### [Task goal]
Return exactly, please, the line that contains "How to pose" and every line after it through the end of the material that follows, leaving pictures aside.

### [Data segment]
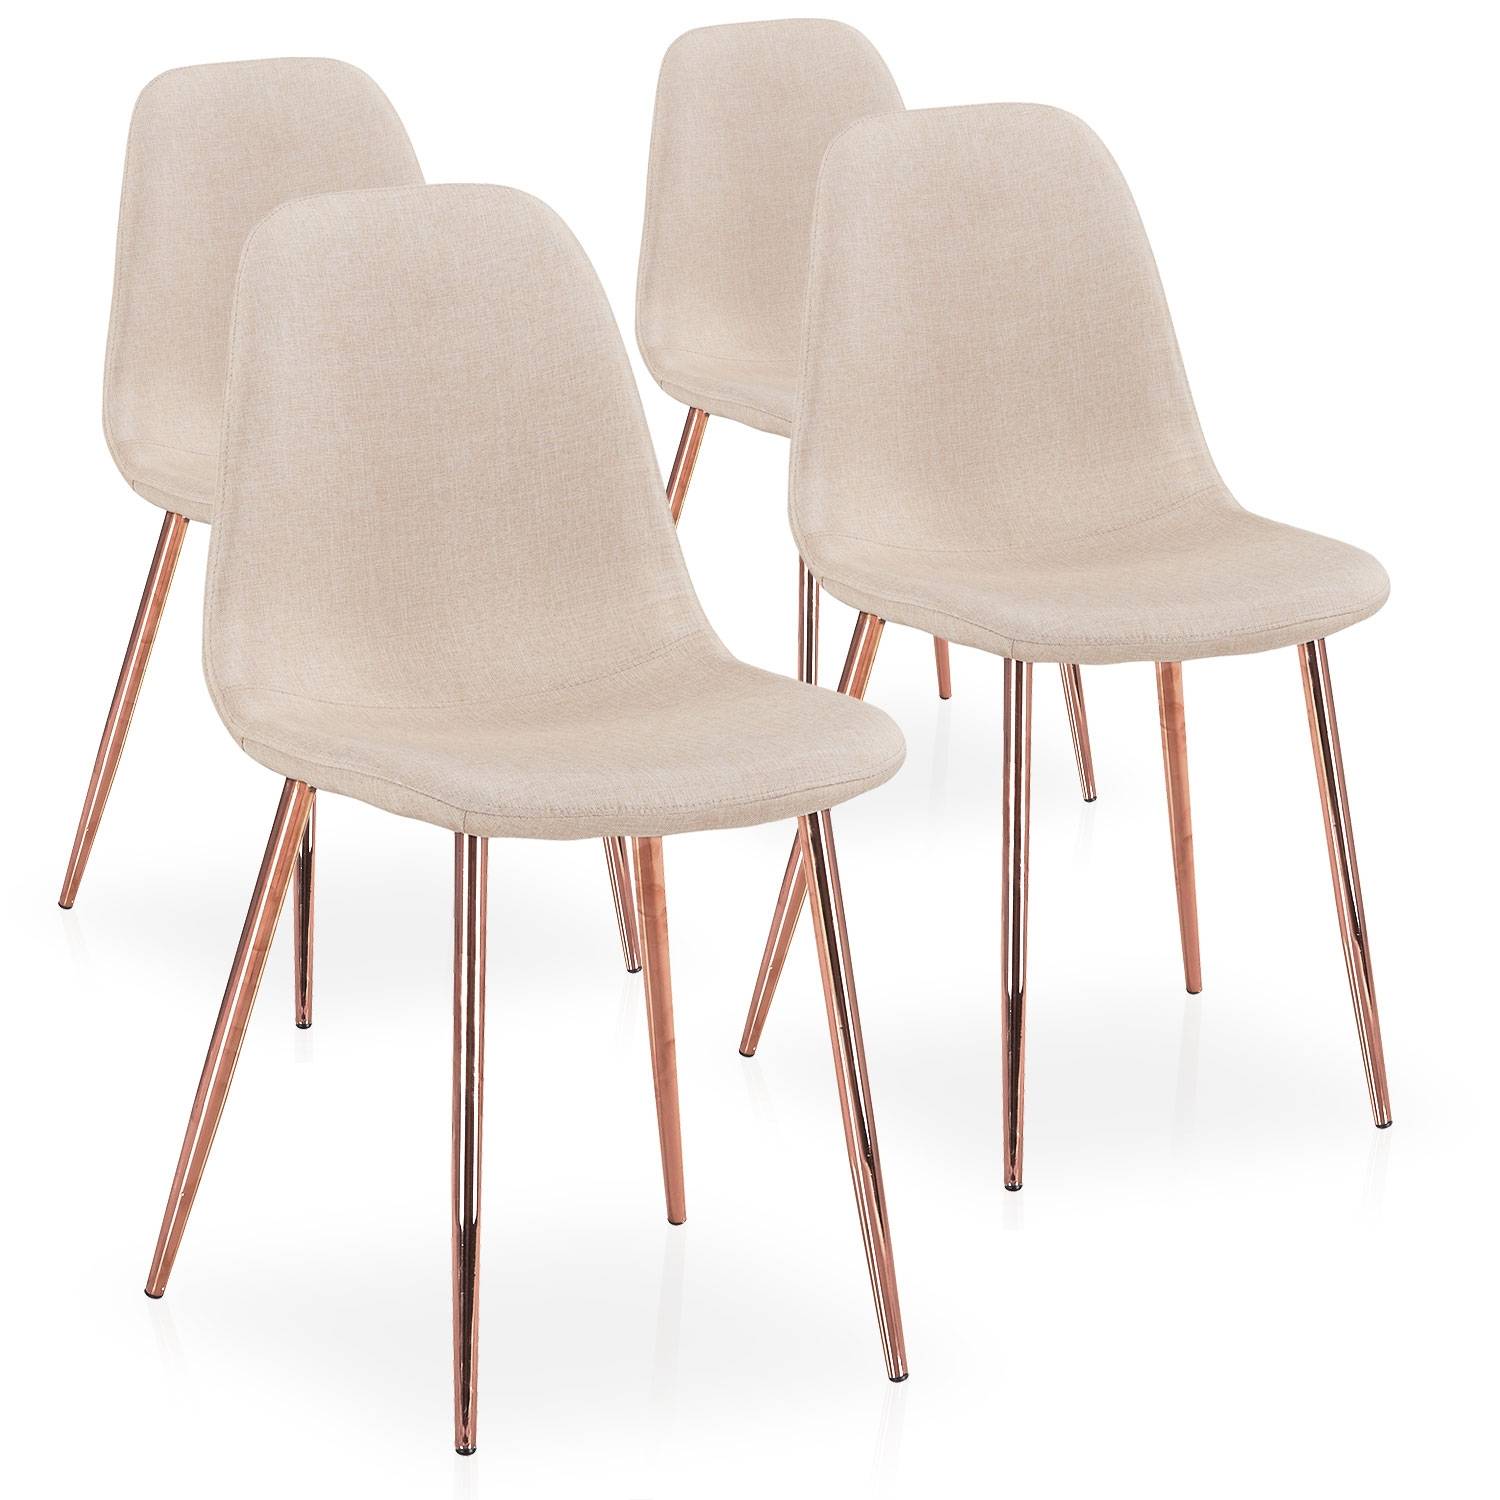 Set di 6 sedie scandinave imbottite, con gambe in legno per sala da
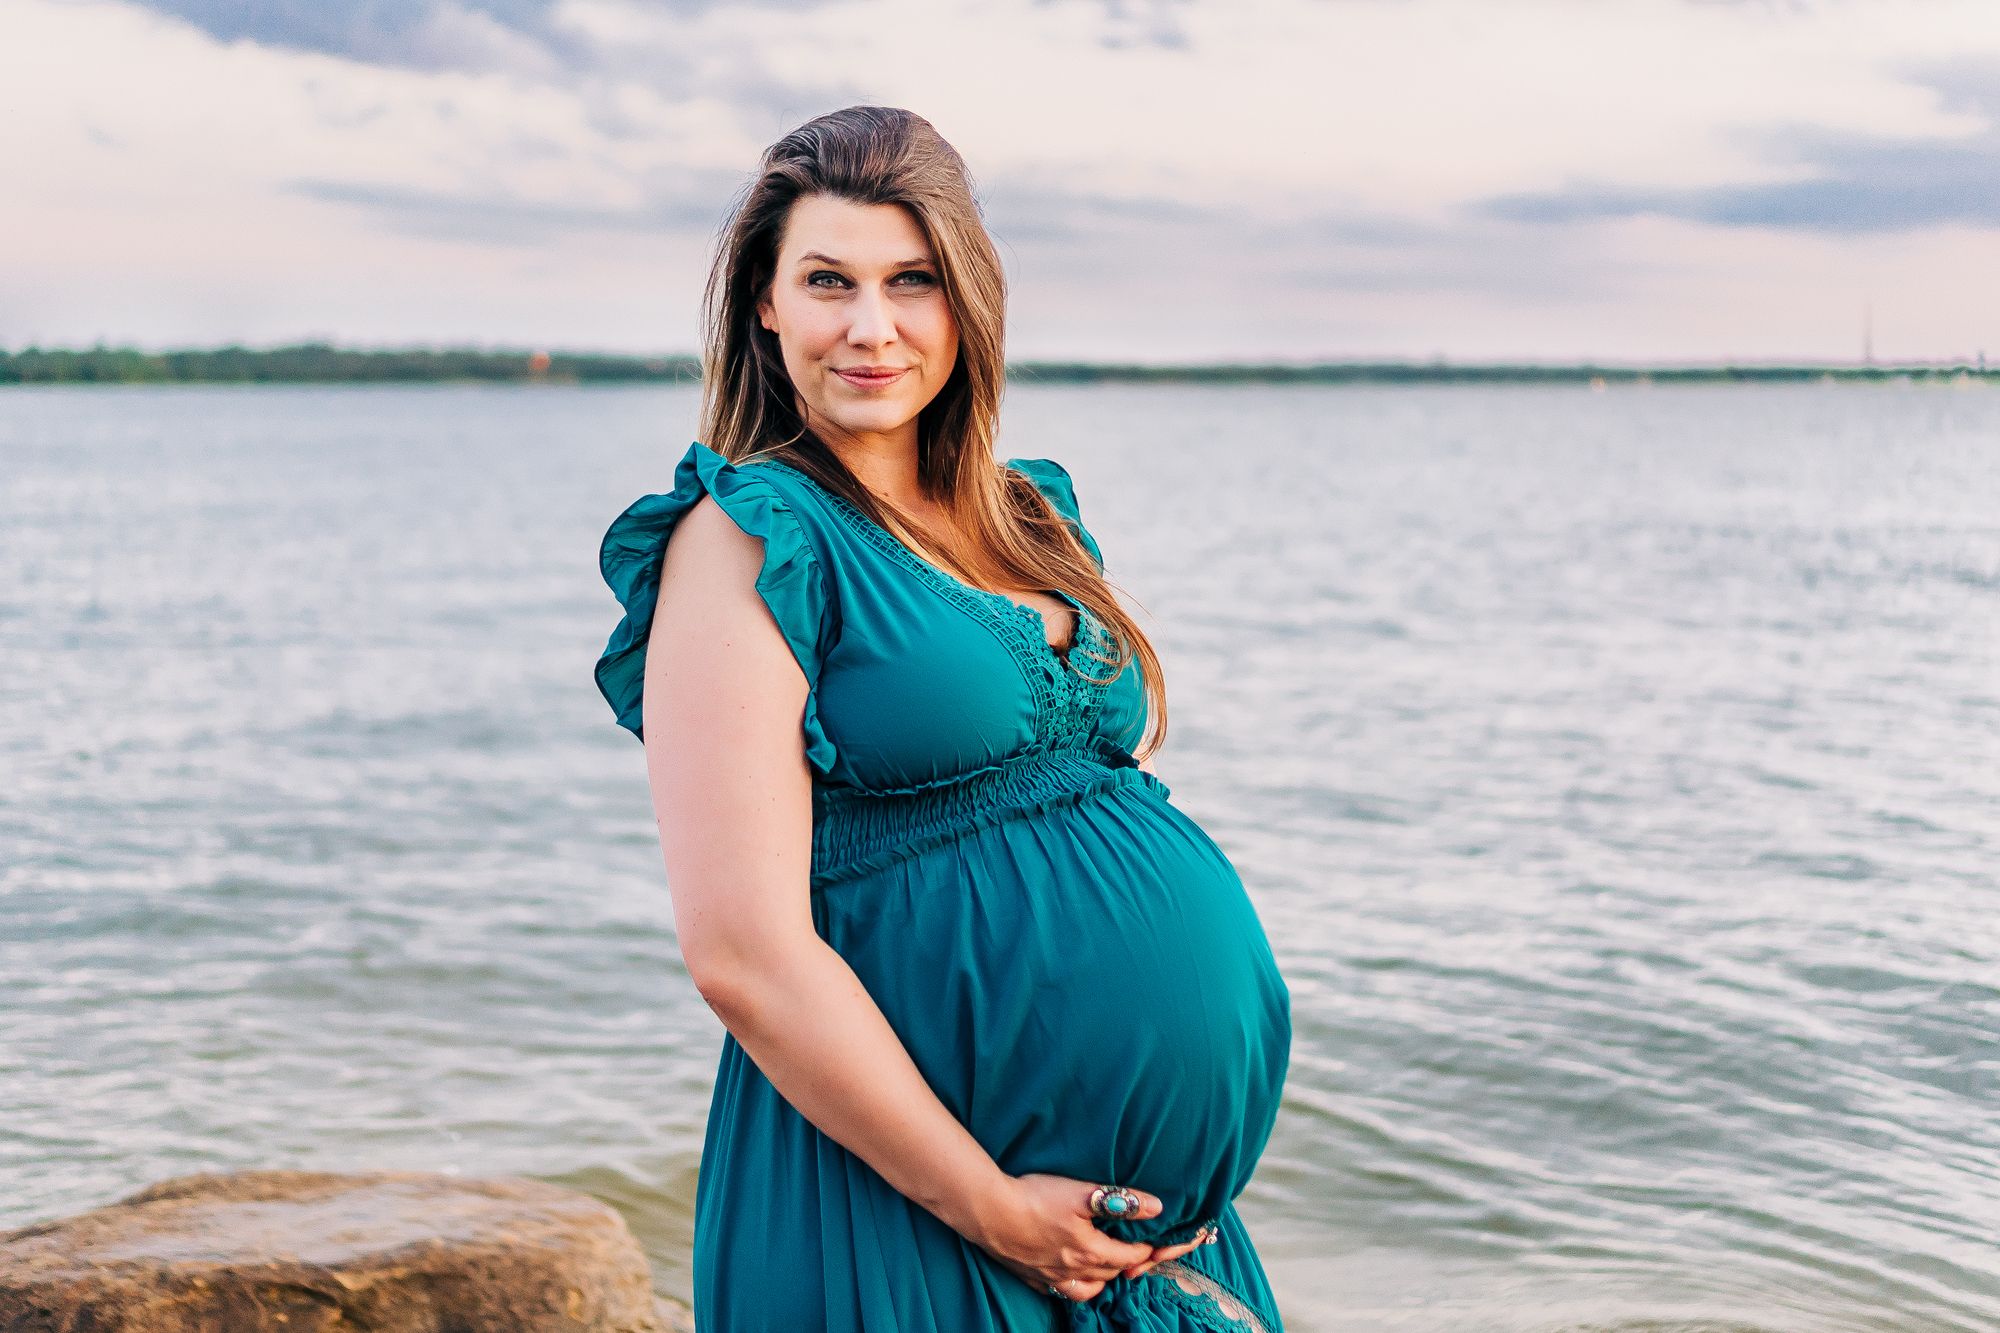 How to pose for maternity photos | Family Maternity Session | Dallas, Texas Photographer | via brittnierenee.com
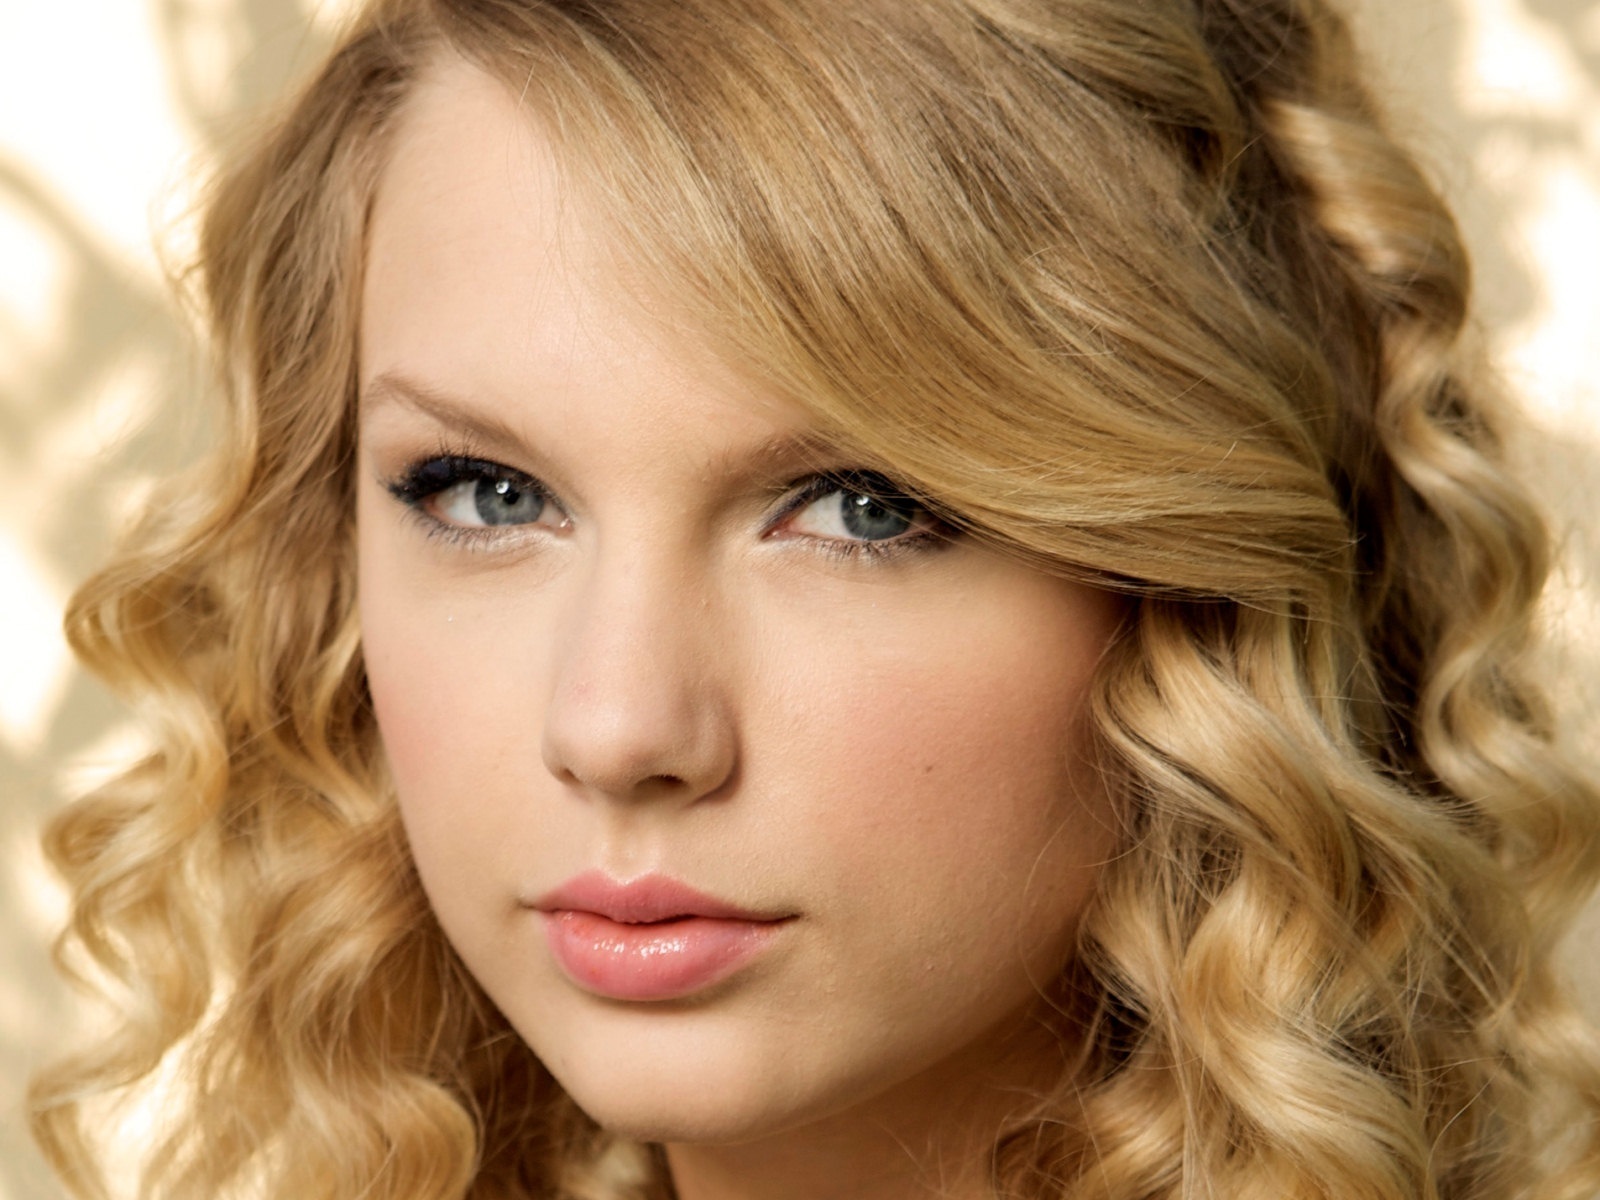 1.Taylor Swift

### [Result for this task]
 How to pose for maternity photos | Family Maternity Session | Dallas, Texas Photographer | via brittnierenee.com
 1.Taylor Swift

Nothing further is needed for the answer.